What an interesting topic.

People making a fuss about Nazi furs. As long as they are not breaking any laws they have as much right to exist and express themselves as much as anyone else.

For all we know they had ordered half the rooms before the con officials. I love watching drama unfold while I am chowing down on Cheetos.

ANTIFA are walking ironic contradictions. Let their hate group die like the hypocritical reality-denying cunts that they are.


Wolveon said:


> I just have a hard time understanding how one can be so monumentally stupid.

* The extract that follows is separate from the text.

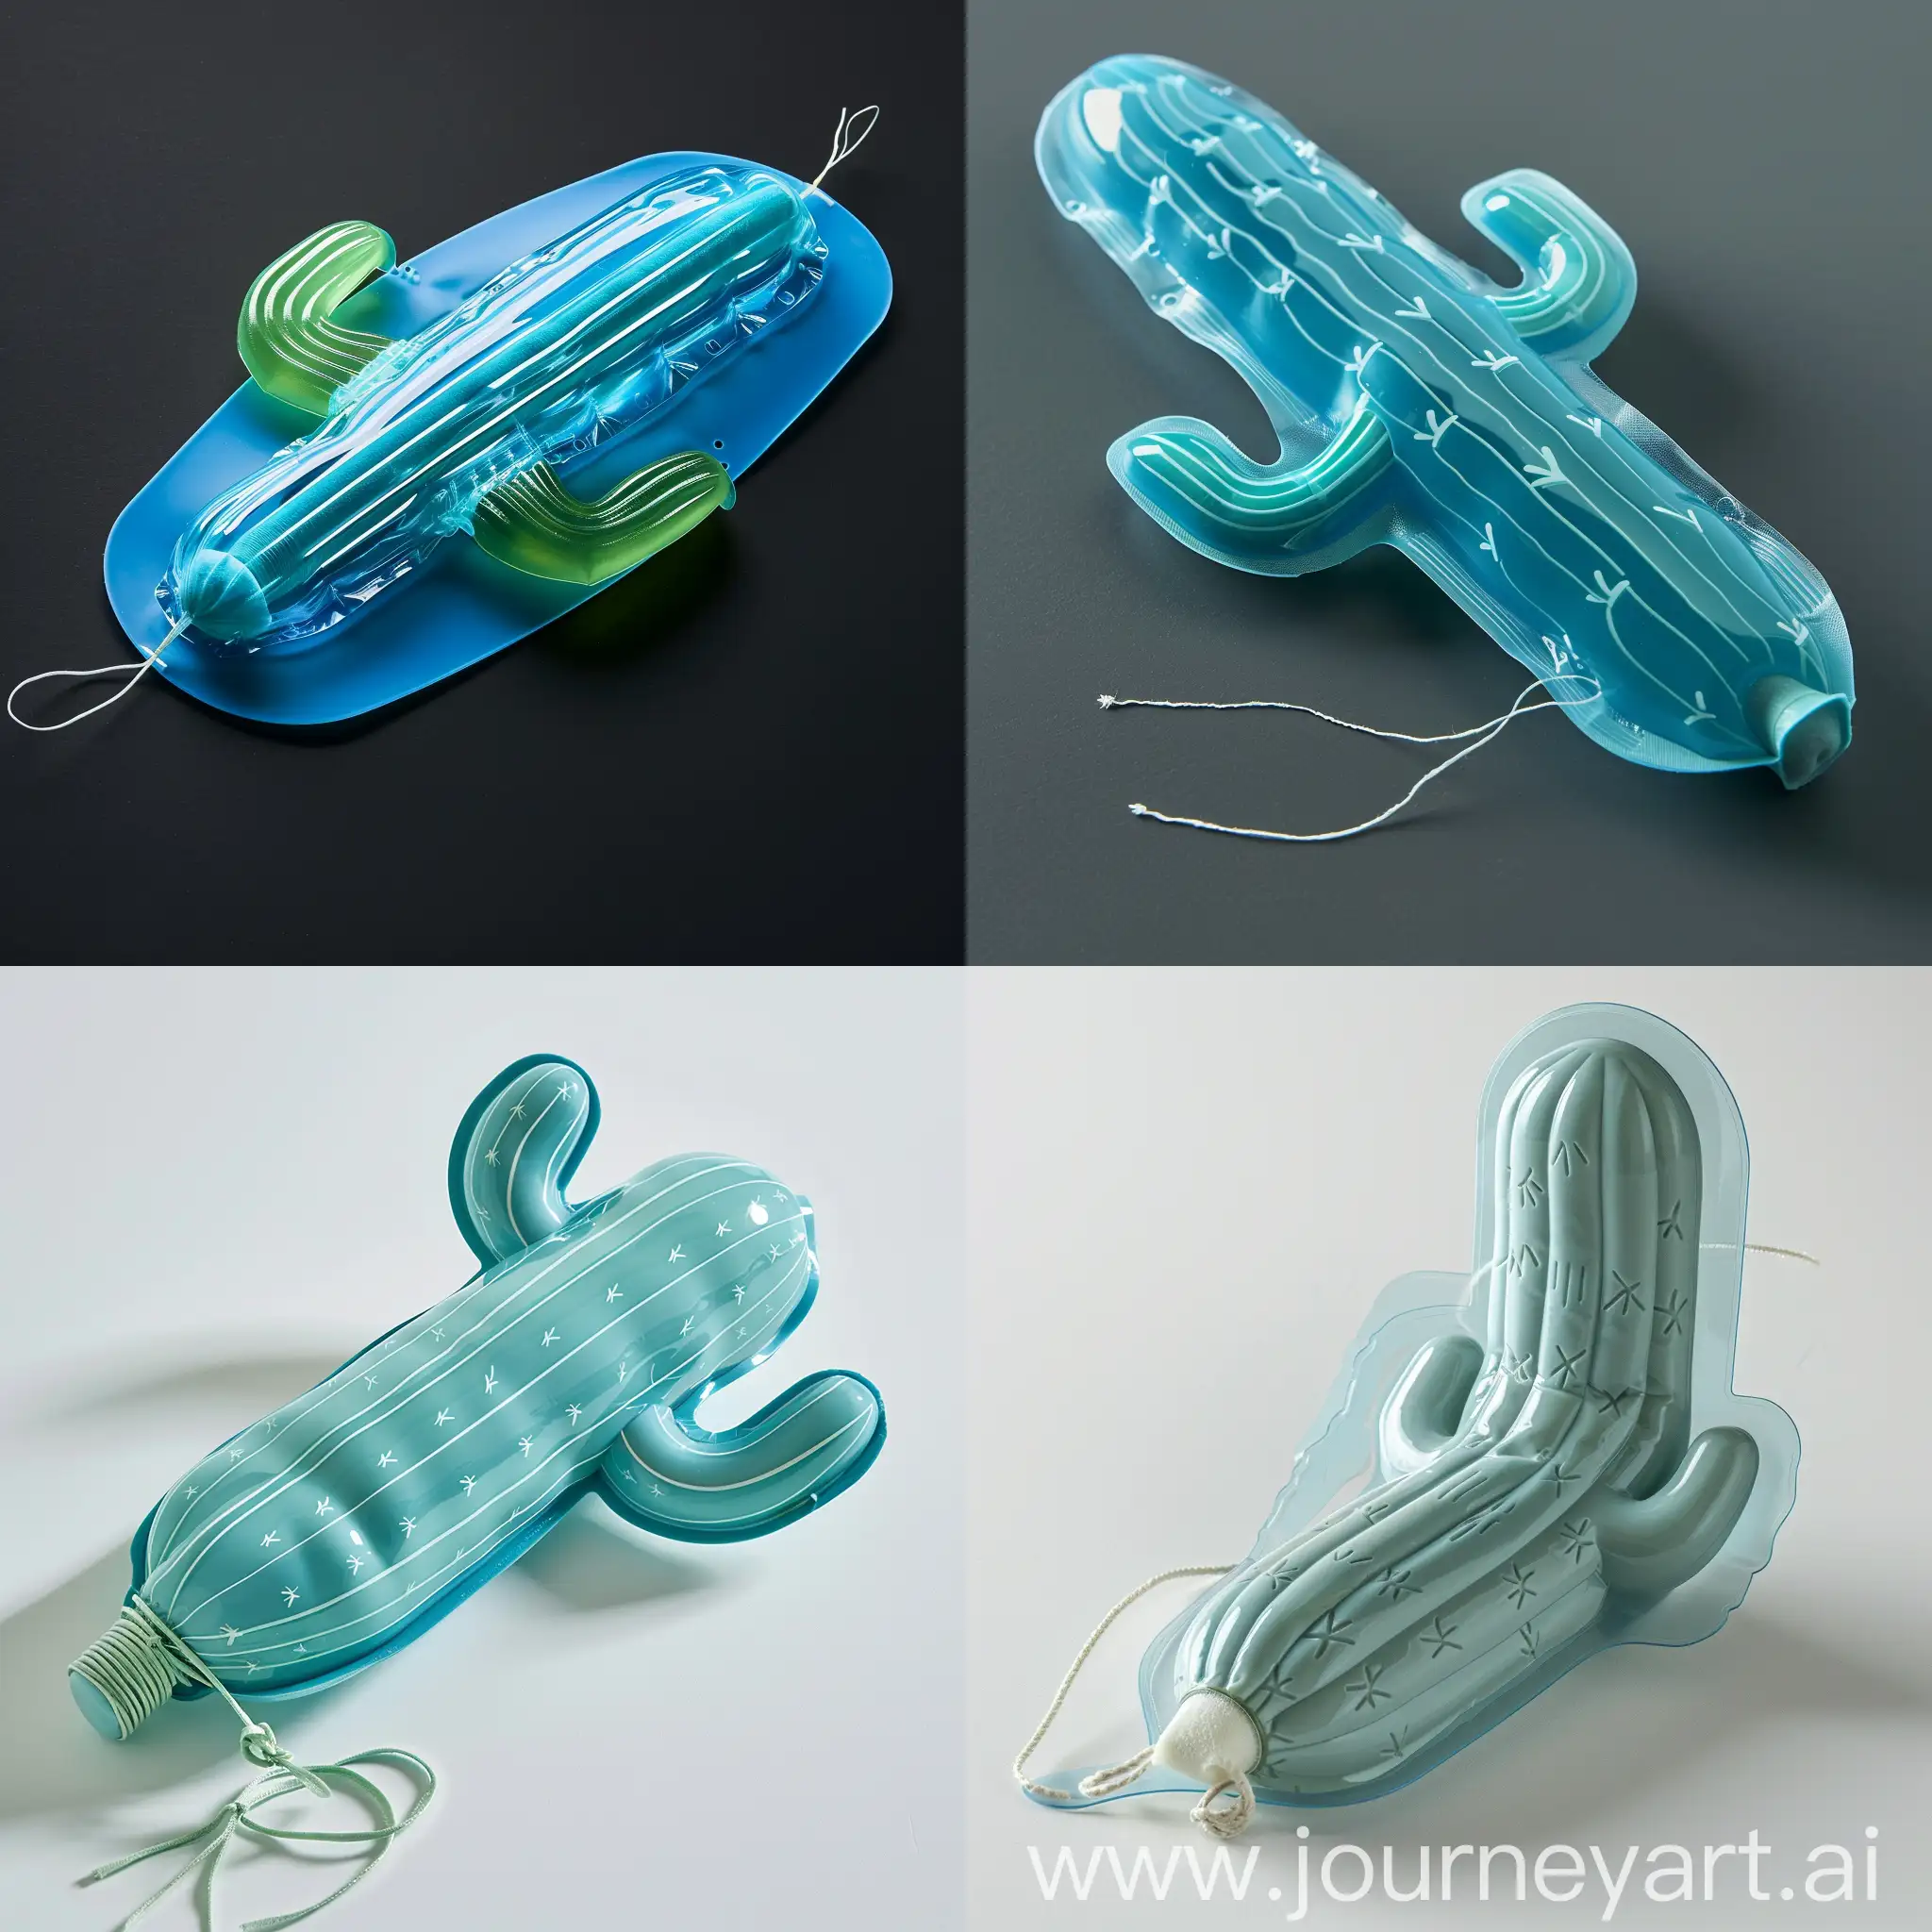 a tampon product in the shape of a cactus, in a blue plastic cover, laying down on its side, with a string coming out of the bottom of the cactus

Stupidity knows no bounds, mate. Don't underestimate stupid, especially not the latest generation.


----------



## brian577 (Jan 29, 2017)

Yakamaru said:


> What an interesting topic.
> 
> People making a fuss about Nazi furs. As long as they are not breaking any laws they have as much right to exist and express themselves as much as anyone else.
> 
> ...



Really?  Even that blog post at the top that defends these assholes makes it clear that was not the case.  Take your blinders off and realize there are terrible people in this fandom and there is a limit to acceptance.


----------



## nerdbat (Jan 29, 2017)

Without reading any of the text those links follow to, I'll blindly assume the whole situation is too retarded to be worth wasting time on, and my intuition tells me that I'm most likely correct.


----------



## Khazius (Jan 29, 2017)

nerdbat said:


> Without reading any of the text those links follow to, I'll blindly assume the whole situation is too retarded to be worth wasting time on, and my intuition tells me that I'm most likely correct.


Meh, pretty much.


----------



## Yakamaru (Jan 29, 2017)

brian577 said:


> Really?  Even that blog post at the top that defends these assholes makes it clear that was not the case.

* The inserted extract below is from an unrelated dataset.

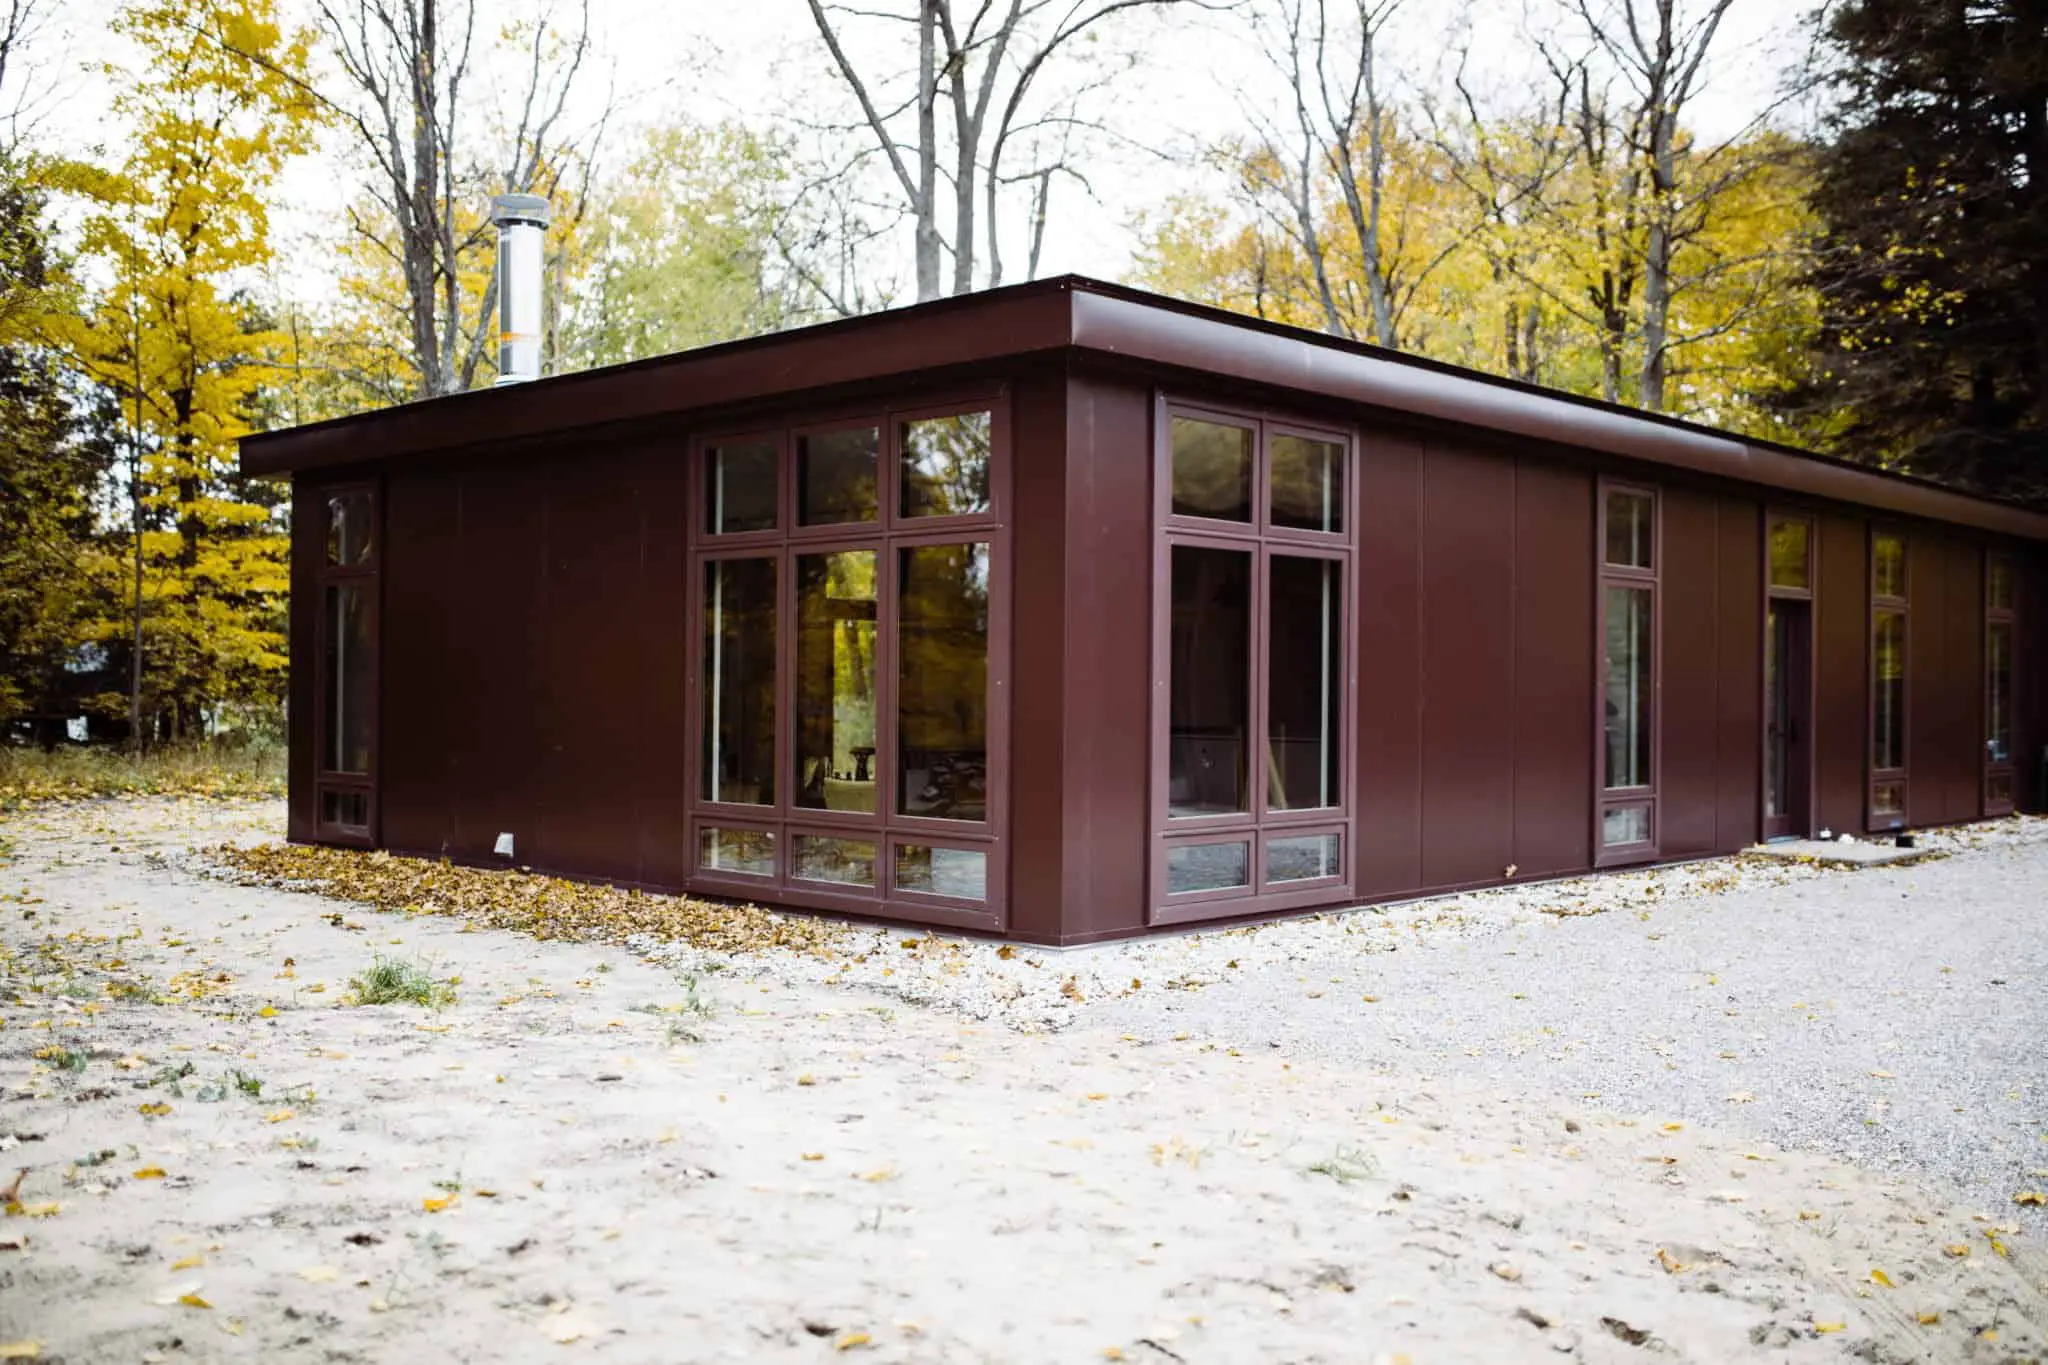 Hygge Supply modular kit home - view of exterior.

Yeah, I couldn't be assed to read much of it. Fuck these fuckers then.


brian577 said:


> Take your blinders off and realize there are terrible people in this fandom and there is a limit to acceptance.


You can find absolute cunts everywhere, mate. Finding cunts in the Furry fandom should come as a surprise to no one. 

As for acceptance: What'cha gonna do? Kick'em out? No one is in charge of the fandom. No one have any power. No one makes any rules. As it should be.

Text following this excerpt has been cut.